Even if it does "take two to tango", it does not sound like a good mix for your recovery right now. Not his fault, not your fault, just maybe not what you need right now. Maybe the love is just not enough to carry you right now. Maybe when you are stronger you will be able to handle his "problems" better.
I know there is no right answer and that it is so hard when you love someone and it is not working.
take care,
-D


----------



## koala49 (Jul 21, 2009)

Depression is a very real and very sad issue, but gold star to you for going for help. Your husband obviously has anger issues and these issues I would imagine are not to do with you.
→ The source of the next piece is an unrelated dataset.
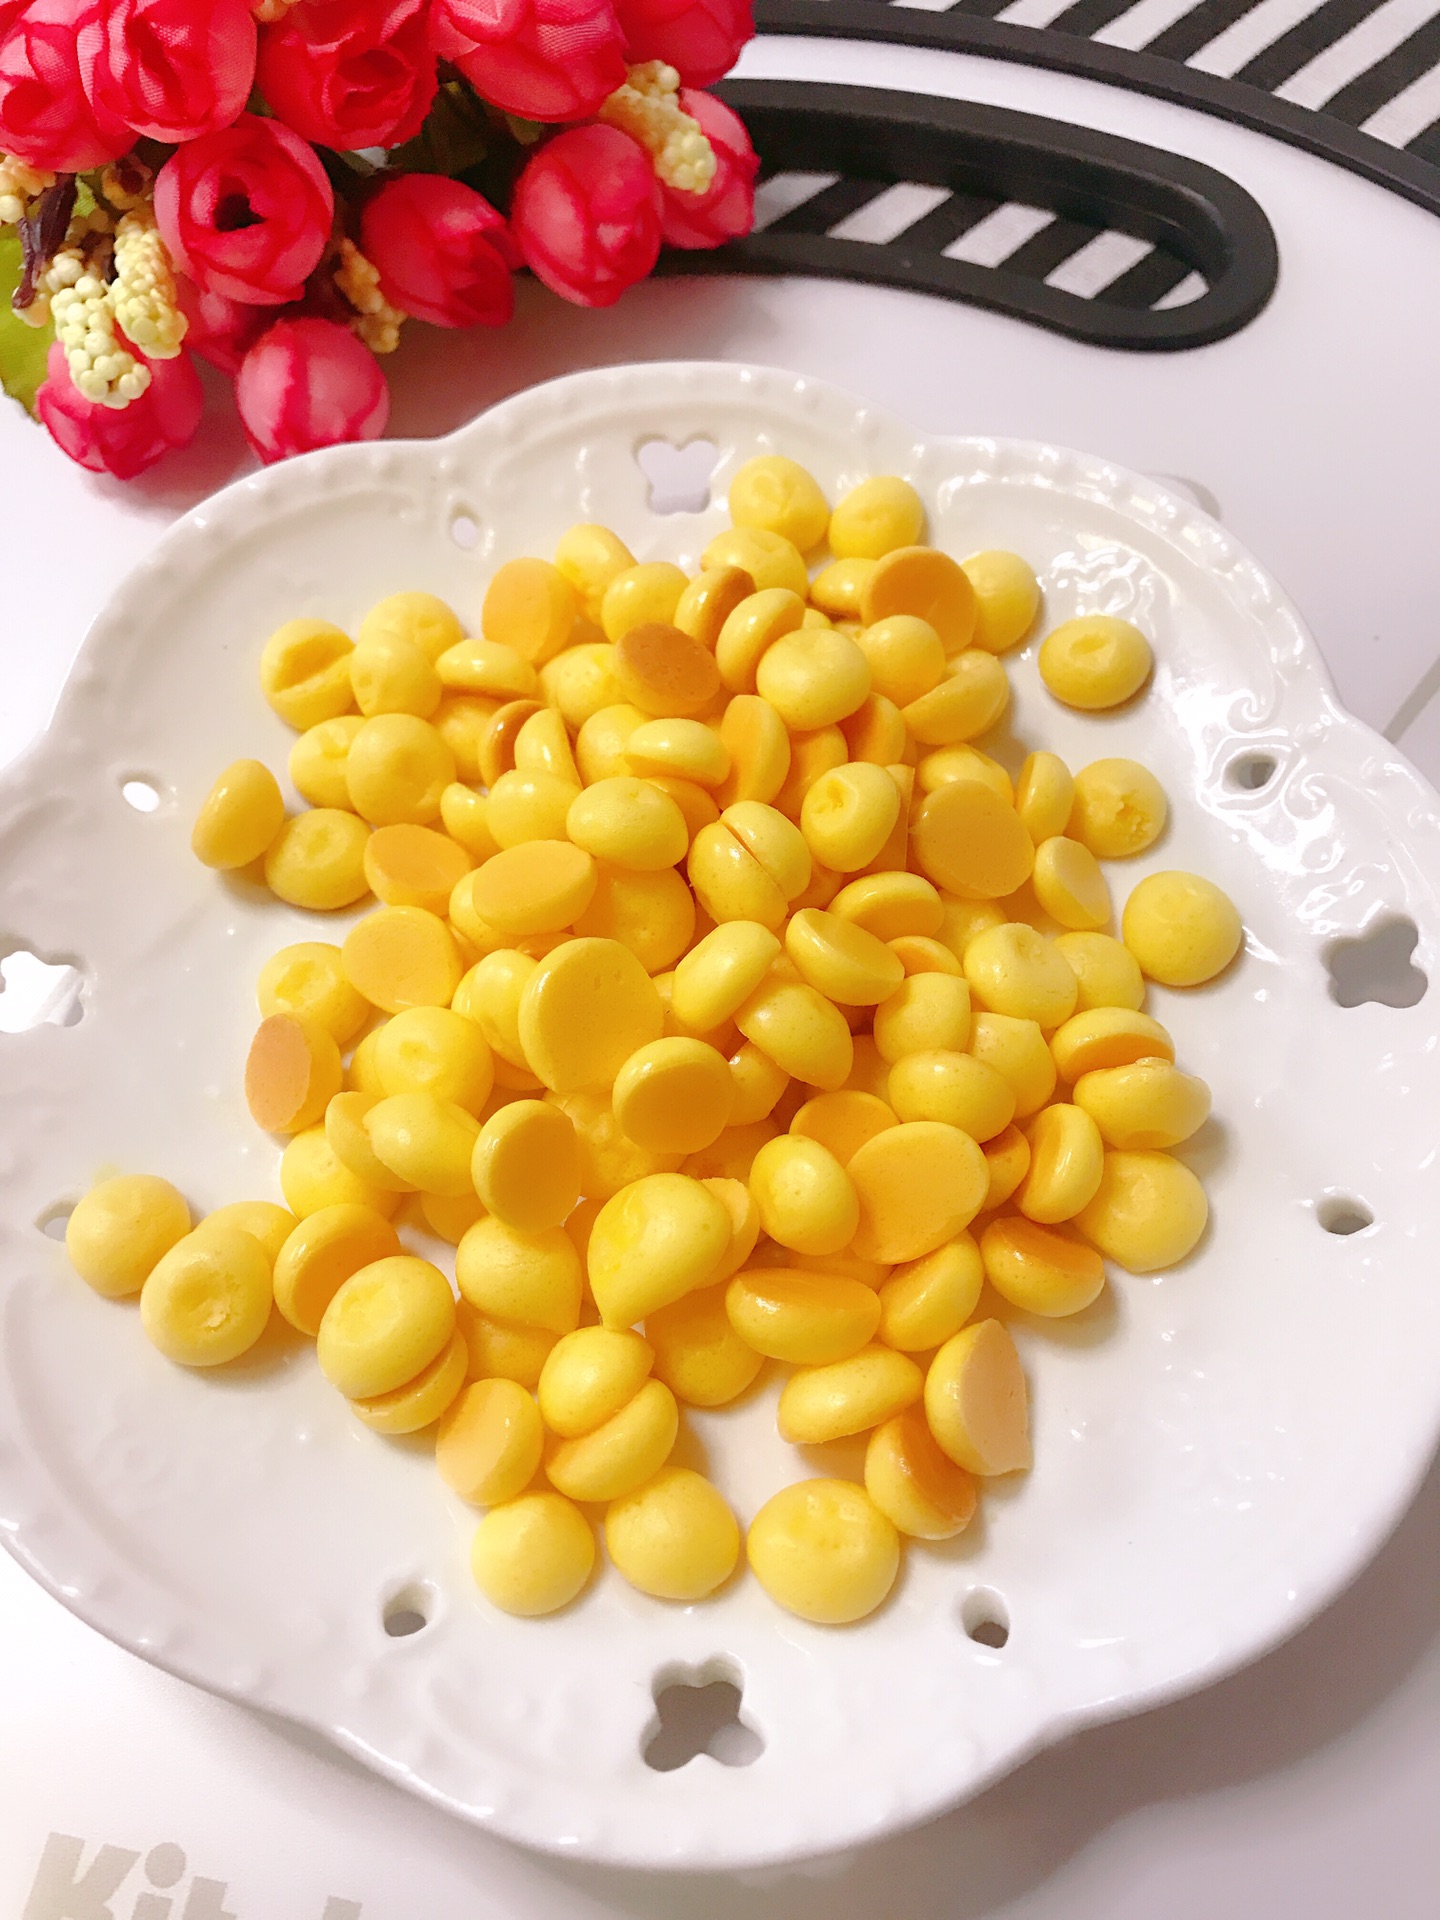 蛋黄溶豆,蛋黄溶豆的家常做法 - 美食杰蛋黄溶豆做法大全

Its about time he took a leaf from your book and sought help for his own problems. Its not right that while you are doing everything to help yourself with your problems he sits back and not only doesnt try to help himself he also hinders your healing by being abusive to you. Honestly I feel that if you are going to conquer your depression you need to do it away from him, once you are healed maybe then you can go back to trying to sort through this with him, but I wouldnt even go back unless he is prepared to find help for himself


----------



## Blanca (Jul 25, 2008)

maybe your h would be willing to work on boundaries together? my h and i also had horrible fights in the beginning of our relationship but we have not had any in awhile. i had a counselor point out boundaries to me and after doing a lot of reading on the subject my understanding about what provokes the fights changed drastically. i started working on boundaries on my own because my h wouldnt do them with me, but gradually he started working on them with me and he opened up to me a lot. there's also some books and internet resources out there on codependency which you may find helpful.


----------



## prettyinpink05 (Nov 1, 2008)

I am so sorry that your going through the pain and that your husband is not being your rock.............


But what I have learn in the pass day's that I have been hurting is to...LIVE, LOVE, LAUGH......yes that is the hardest thing in the world to do when your going through something and in sooooo much pain...keep your head up and keep getting professional help and pray.


----------